Title - A Proper House with Doors and Things (2/4)
Author -
earlgreytea68Rating - General
Characters - Ten, Rose, Jackie, OCs
Spoilers - I don't think there are any, really, but let's say through "A Good Man Goes to War," just to be safe.
Disclaimer - I don't own them and I don't make money off of them, but I don't like to dwell on that, so let's move on. (Except for the kids and their taggers-along, they're all mine.)
Summary - The Doctor wants to buy a house. As usual, what could possibly go wrong?
Author's Notes - Happy Thanksgiving!
Many thanks to
chicklet73, who made this better.
Part One Part Two
They did not quite all fit into Jackie’s flat anymore.
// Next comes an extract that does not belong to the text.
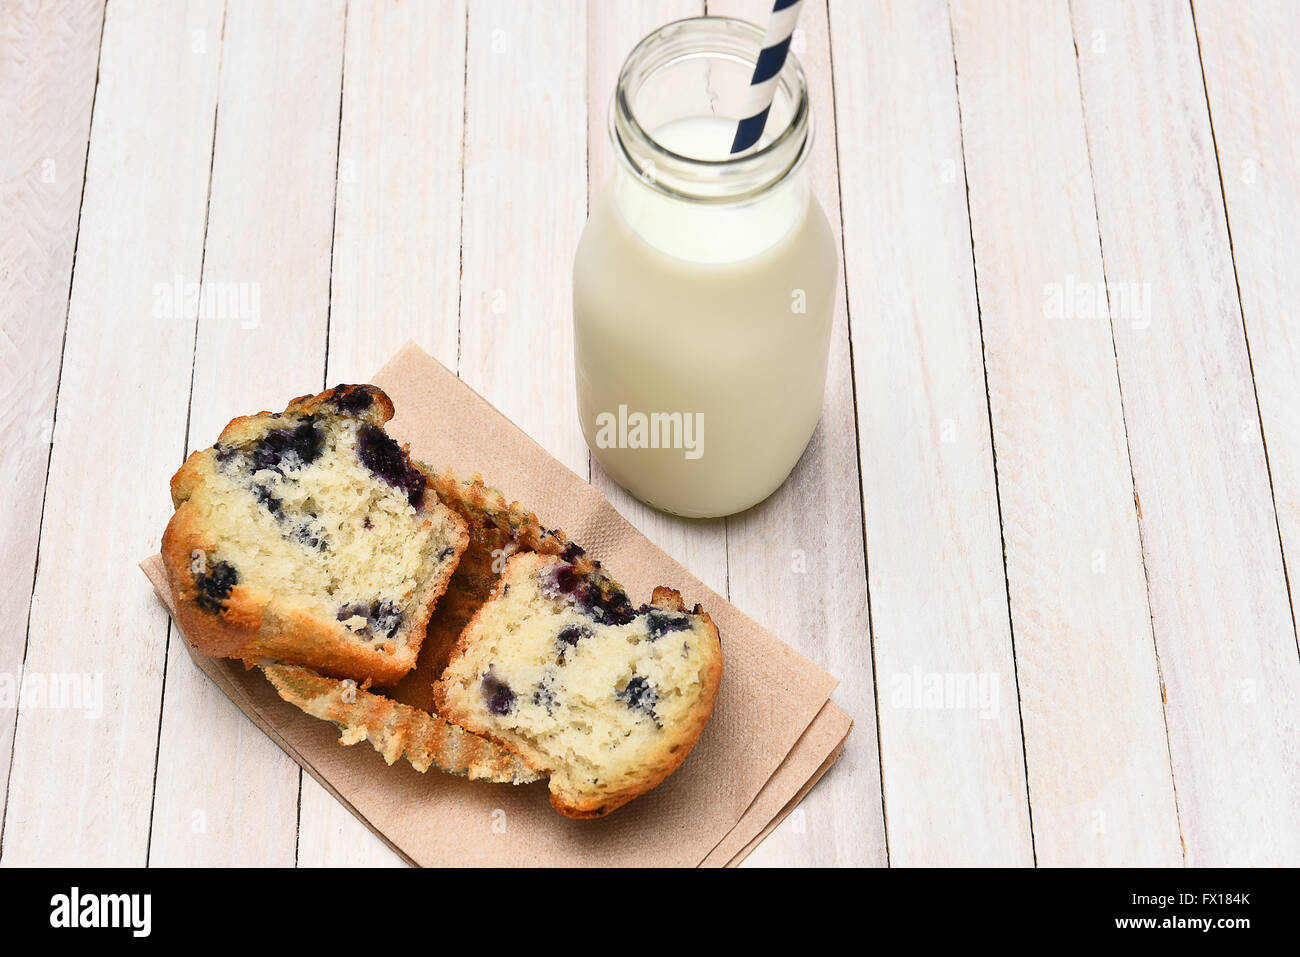 High angle view of a blueberry muffin and bottle of milk on a rustic white table. The muffin is broken in half on a napkin. Stock Photo

Even so, after all this time, she refused to move. It was too late to make changes, she said, and all her friends were all around her. Old dogs, she insisted, could not be taught new tricks.
It meant that, when the family convened in Jackie’s flat, it was crowded. Why they didn’t just use their limitlessly large TARDISes for such conventions was a source of endless mystification to the human parts of the family, but the Time Lords didn’t seem to notice the inconvenience.
They truly, Matt thought, had no concept of space.
“Sixty-five square meters,” the Doctor was saying, enthusiastically, waving a newspaper around. “That’s big enough! It’ll fit all our furniture!”
“All your furniture?” echoed Matt.
“Yup,” affirmed the Doctor, popping the “p.”
“What do you mean when you say ‘all your furniture’?” asked Matt.
“Wellllll, I mean all our furniture.”
All of the Time Lords were looking at Matt as if he was daft, including his children.
“The rooms on your TARDIS have mansion dimensions,” he pointed out, patiently.
“And?” said the Doctor, clearly not seeing a problem.
“Sixty-five square meters is no mansion.”
The Doctor was silent, staring at him.
“He’s saying our stuff won’t fit, Doctor,” Rose told him.
“Our stuff won’t fit.” The Doctor didn’t seem to comprehend that. “But-”
“Same size on the inside as on the outside,” said Brem. “It is not fun. I recommend cheating a bit when it comes to the dimensions of the fridge.”
“Cheating,” exclaimed the Doctor, frowning at his son. “We’re not going to cheat.”
“Then you’re going to need more than sixty-five square meters,” remarked Jackie. “Just your tinkering stuff alone will fill sixty-five square meters.”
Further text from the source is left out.